### What to do
In your copy, each line below is repeated exactly and no image appears.

### The data
—————

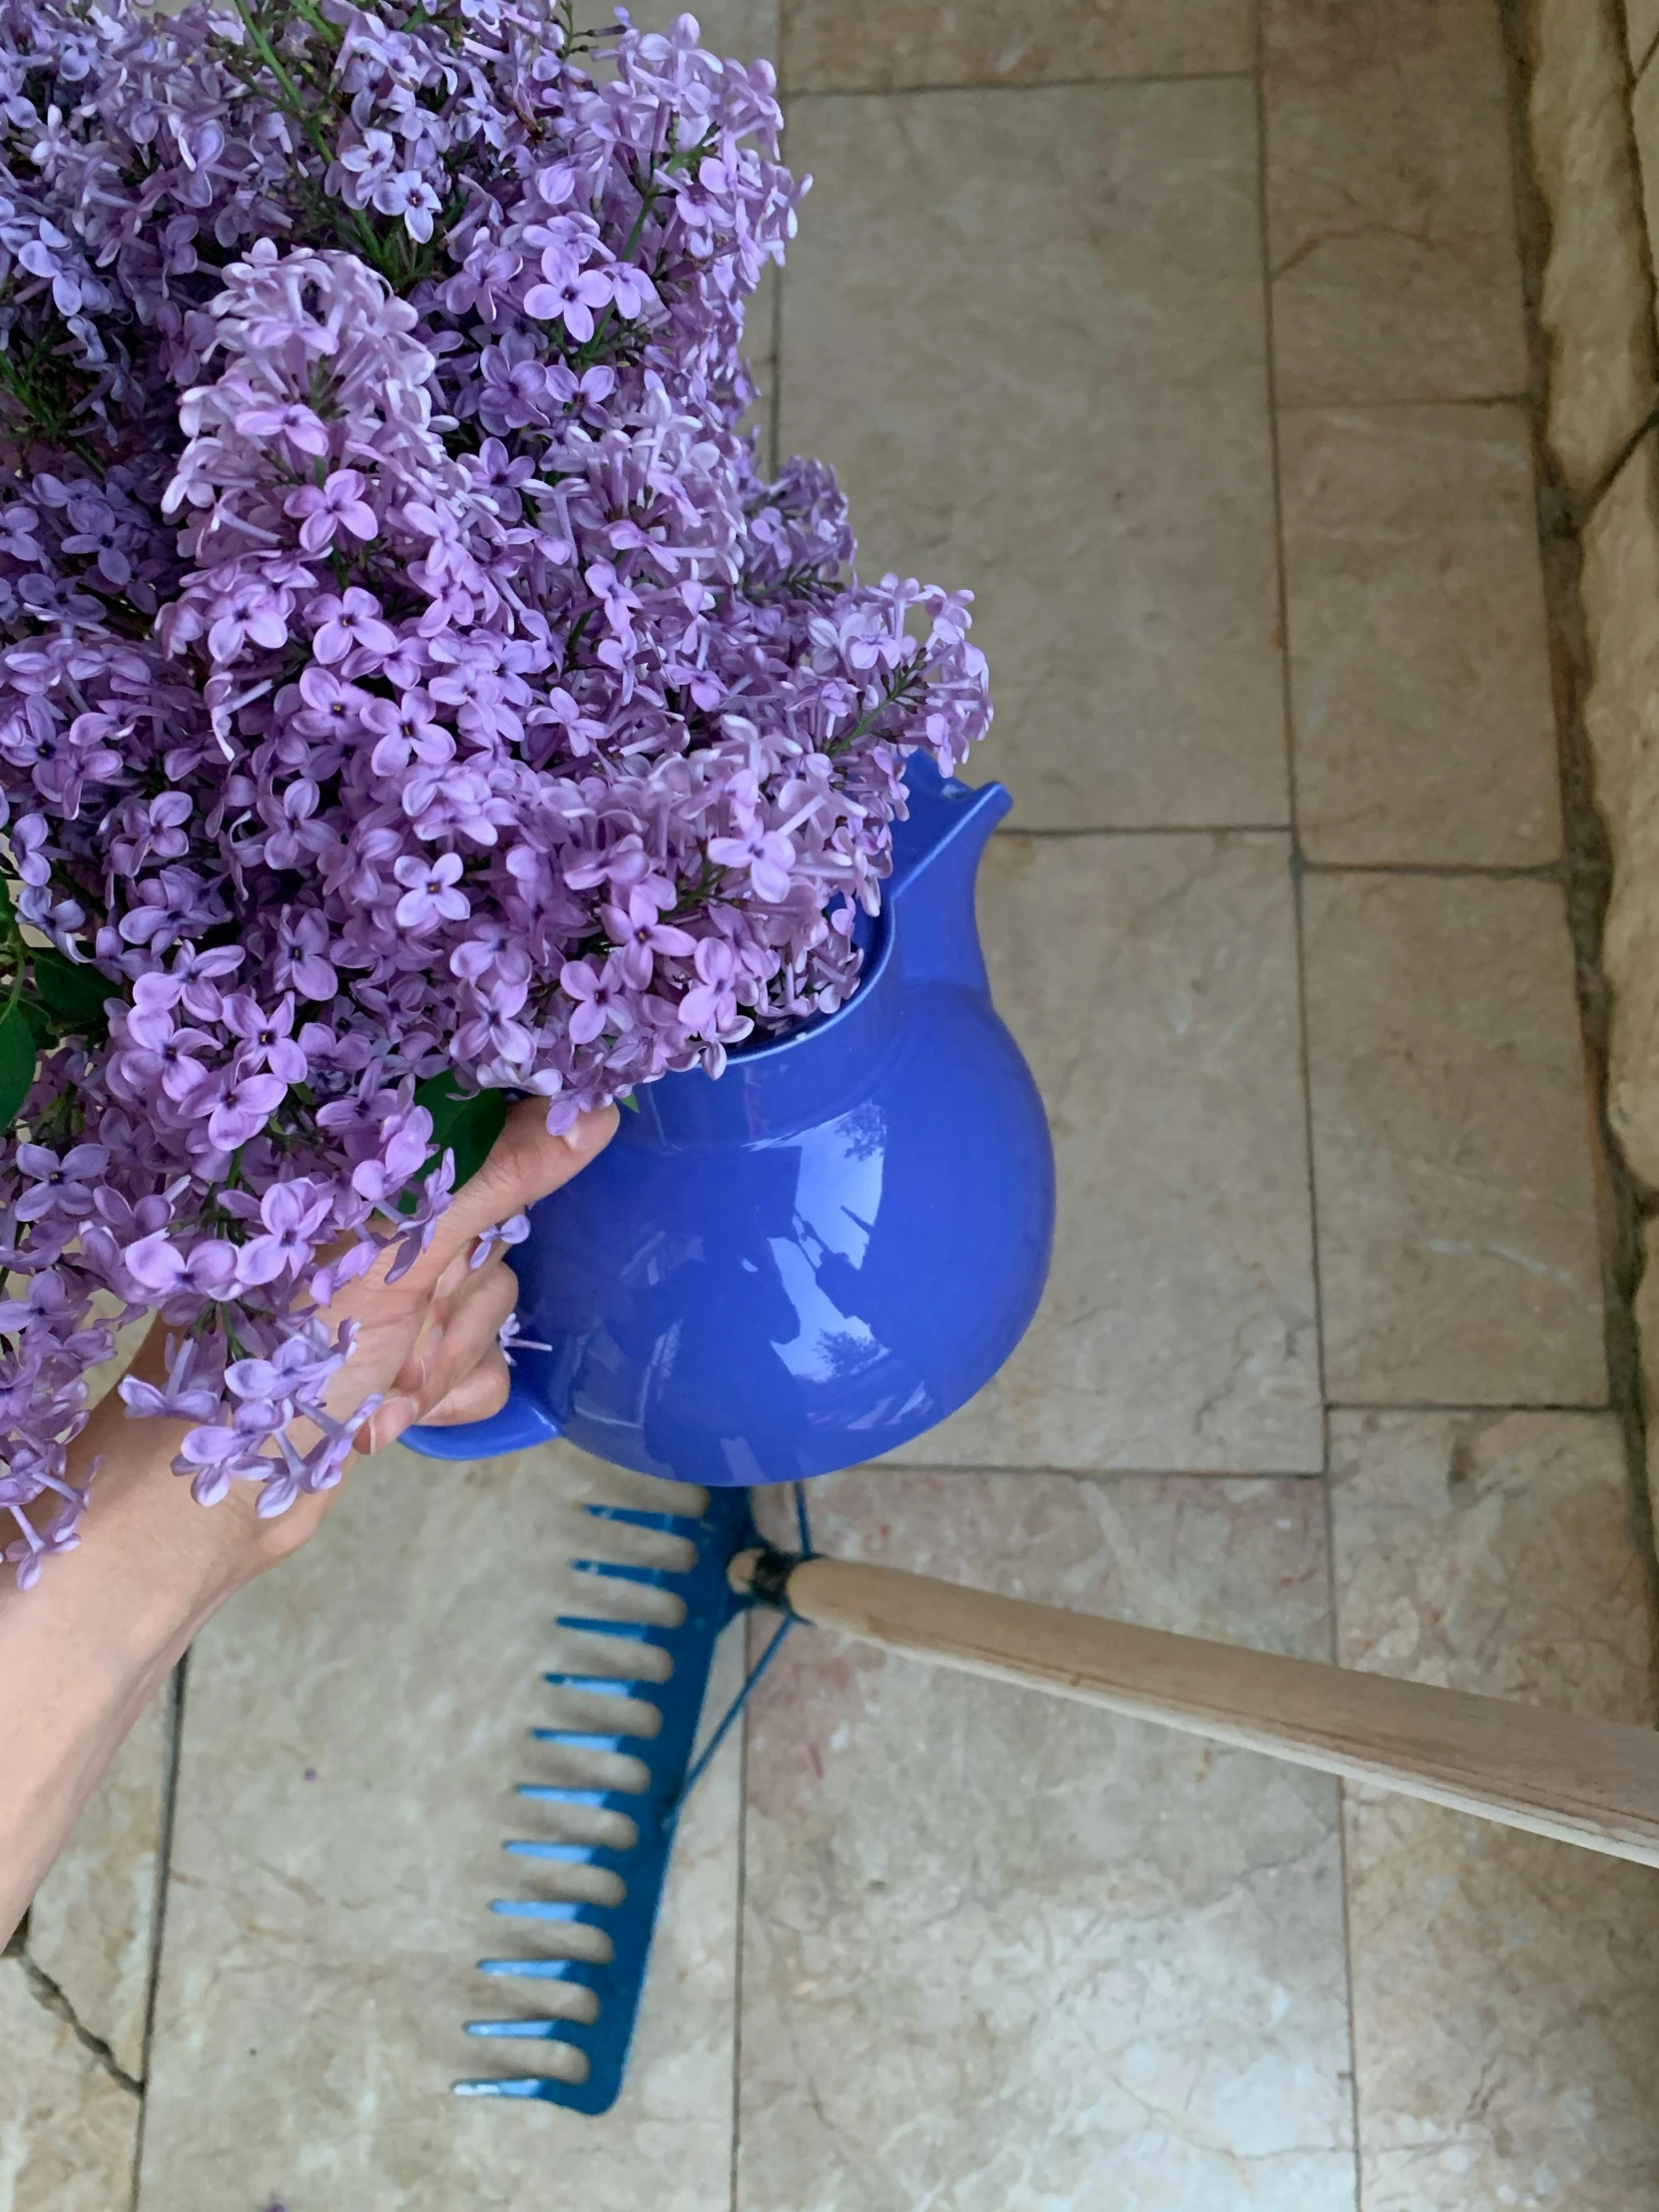 the purple flowers in the blue vase have long stems
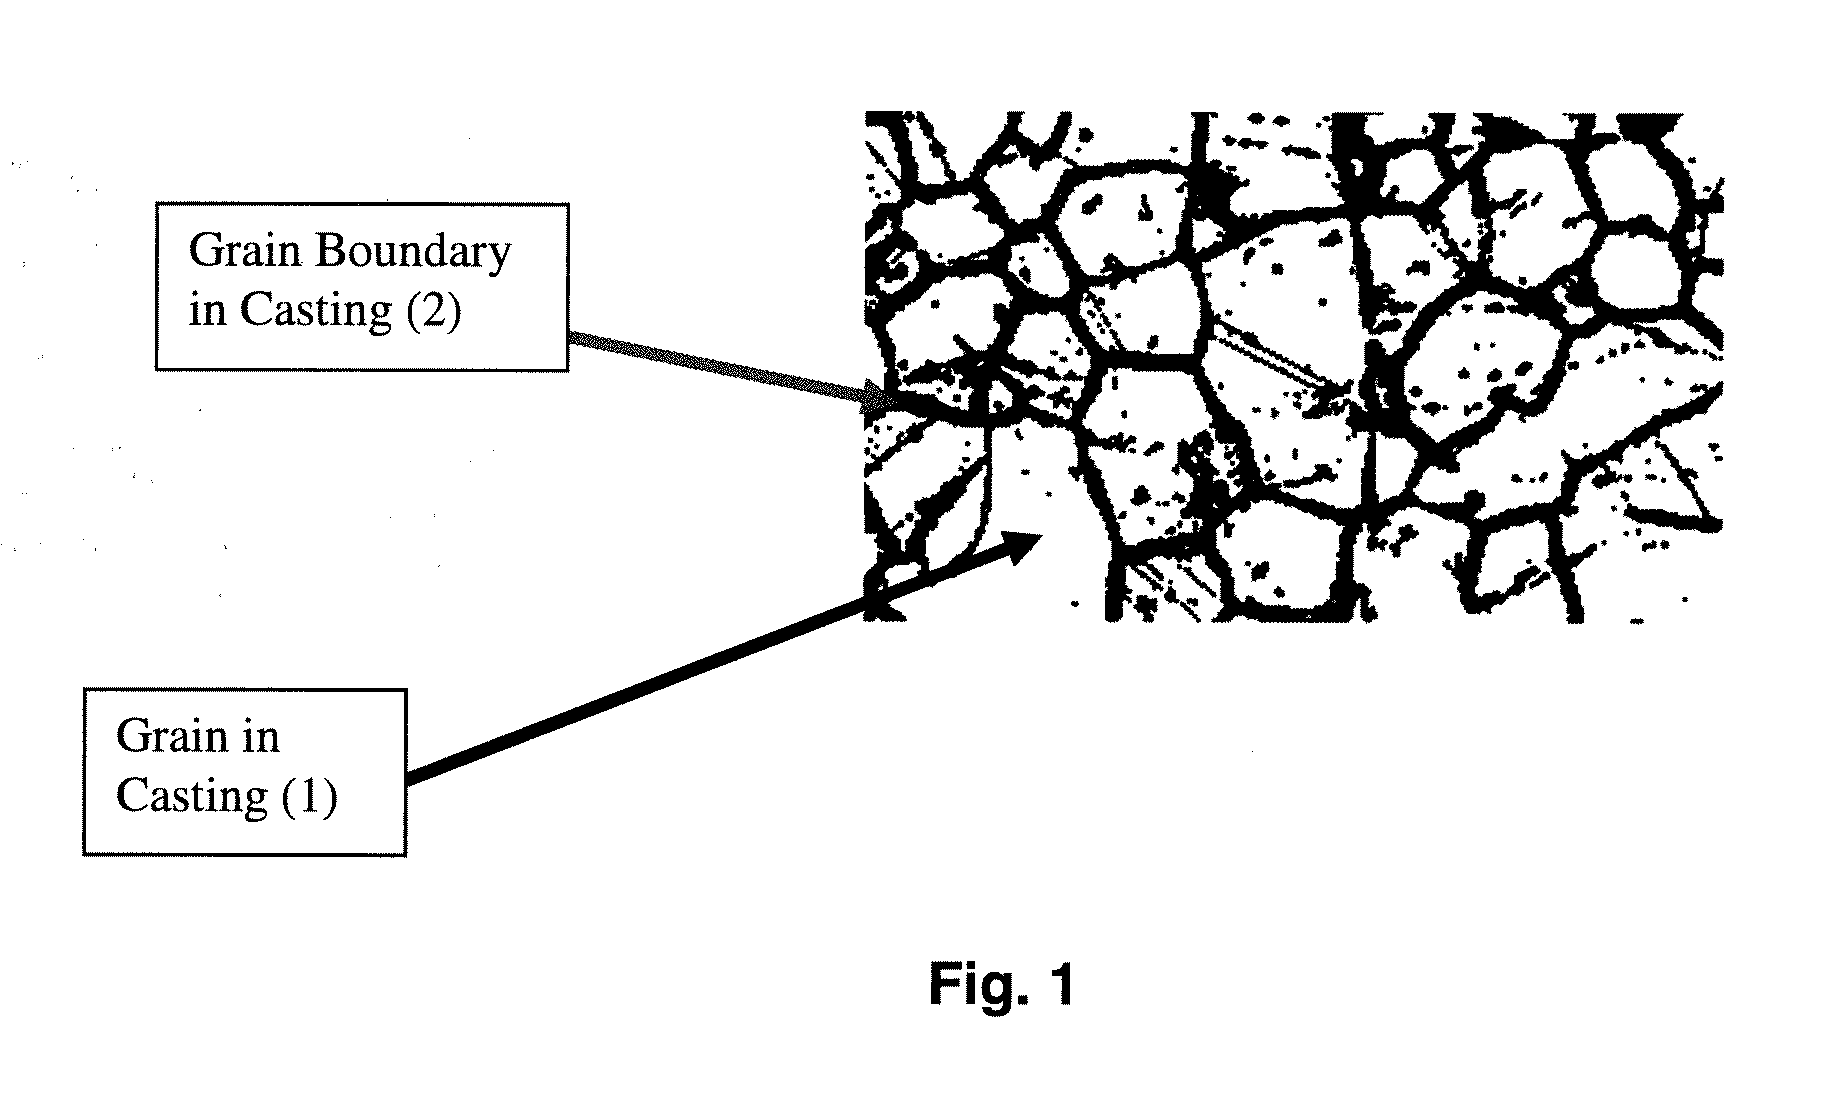 Manufacture of Controlled Rate Dissolving Materials
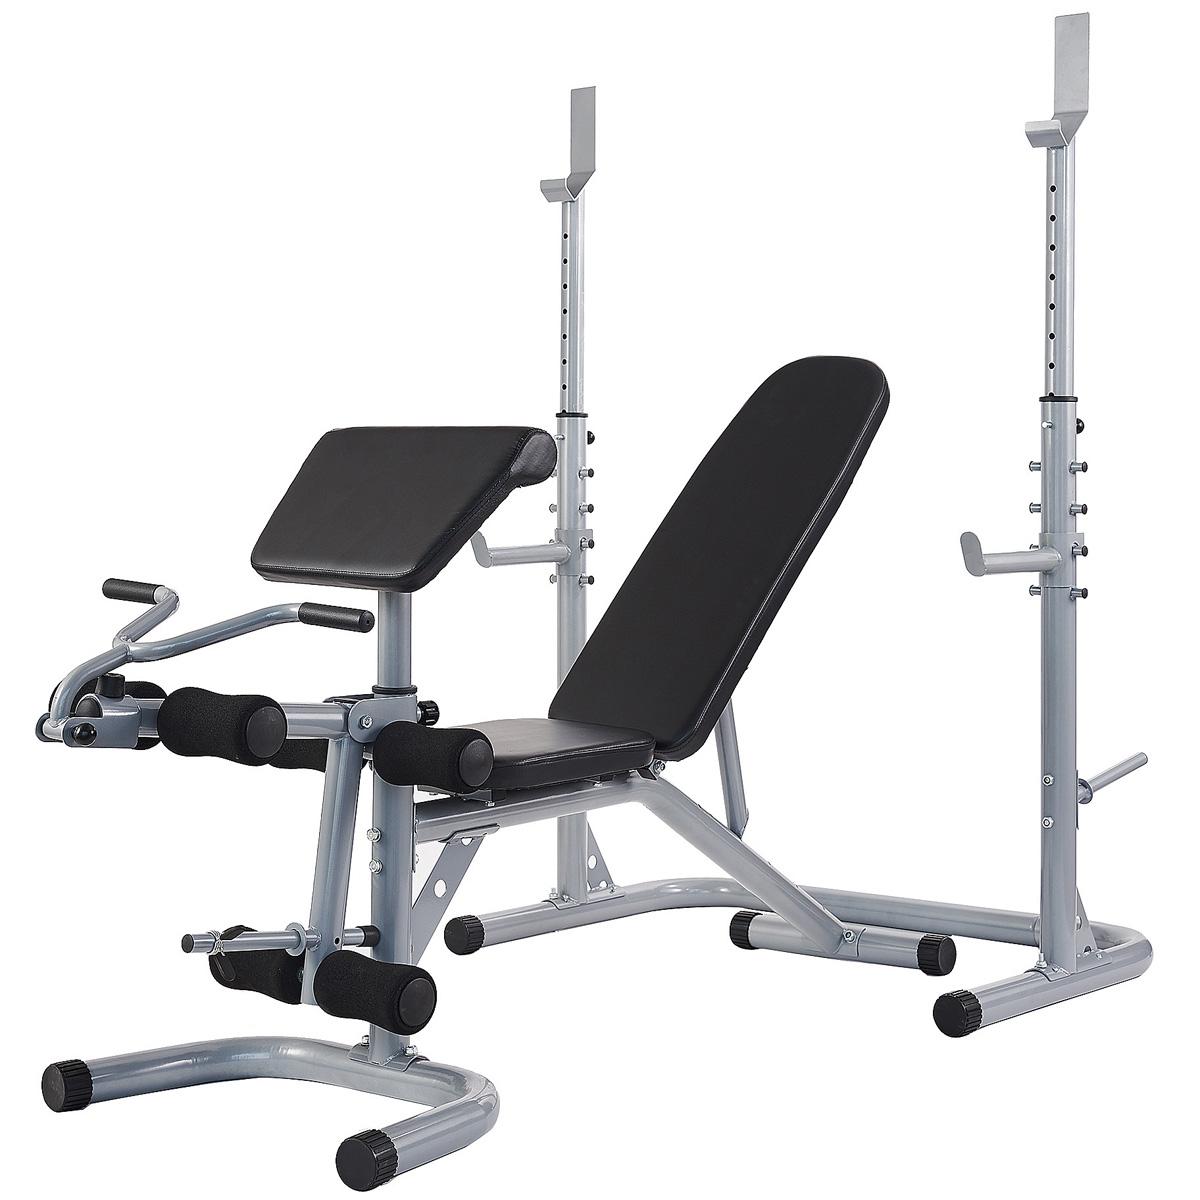 Everyday Essentials RS 60 Multifunctional Workout Station for $129.99 Shipped
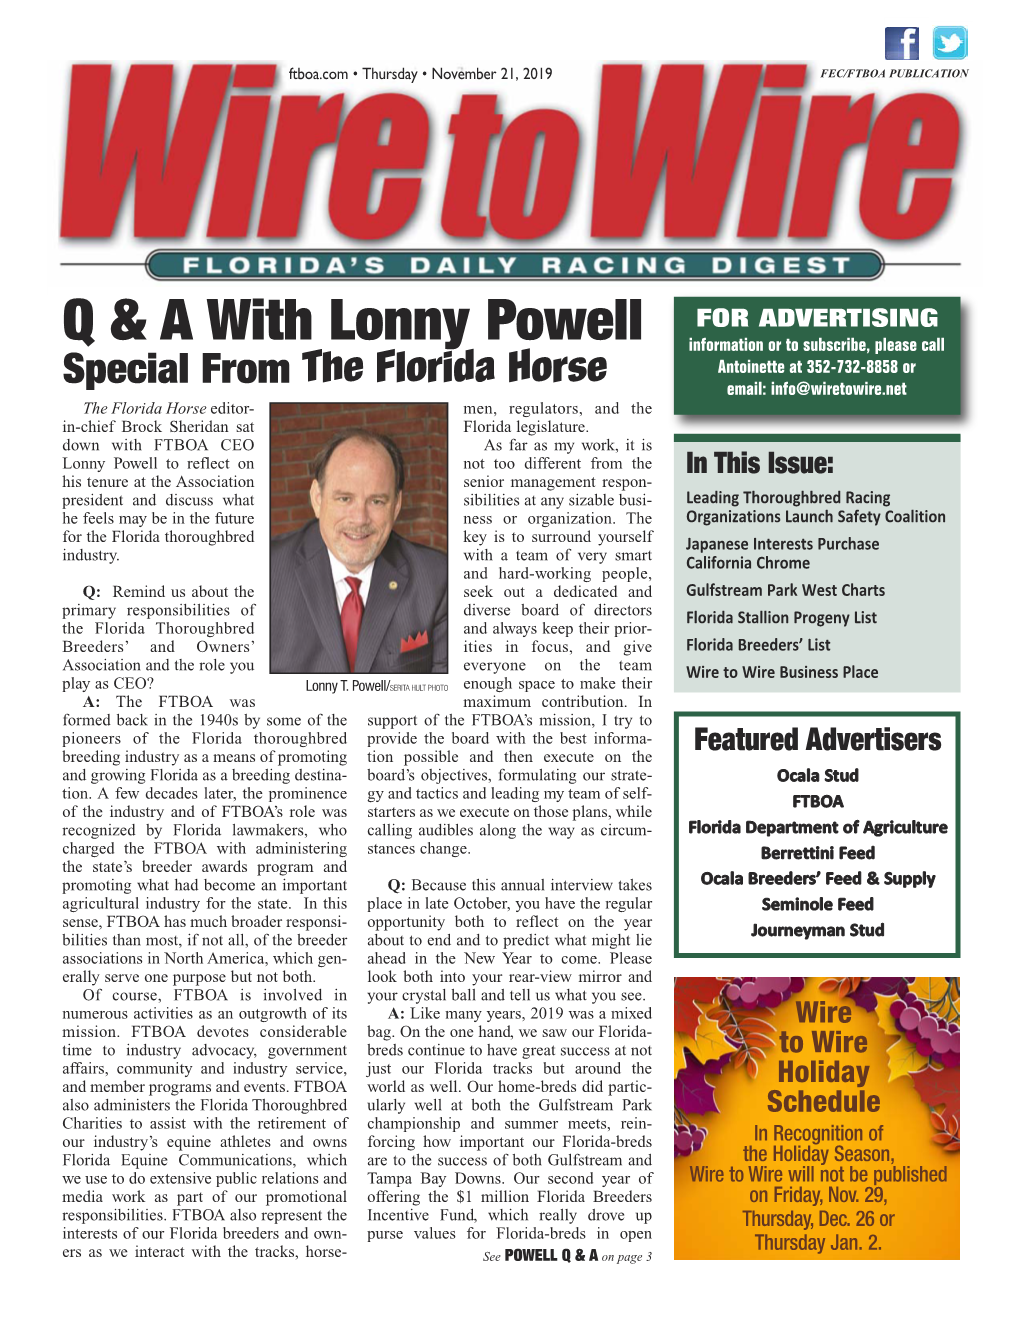 Q & a with Lonny Powell

—————

### Problem solution
 the purple flowers in the blue vase have long stems
 Manufacture of Controlled Rate Dissolving Materials
 Everyday Essentials RS 60 Multifunctional Workout Station for $129.99 Shipped
 Q & a with Lonny Powell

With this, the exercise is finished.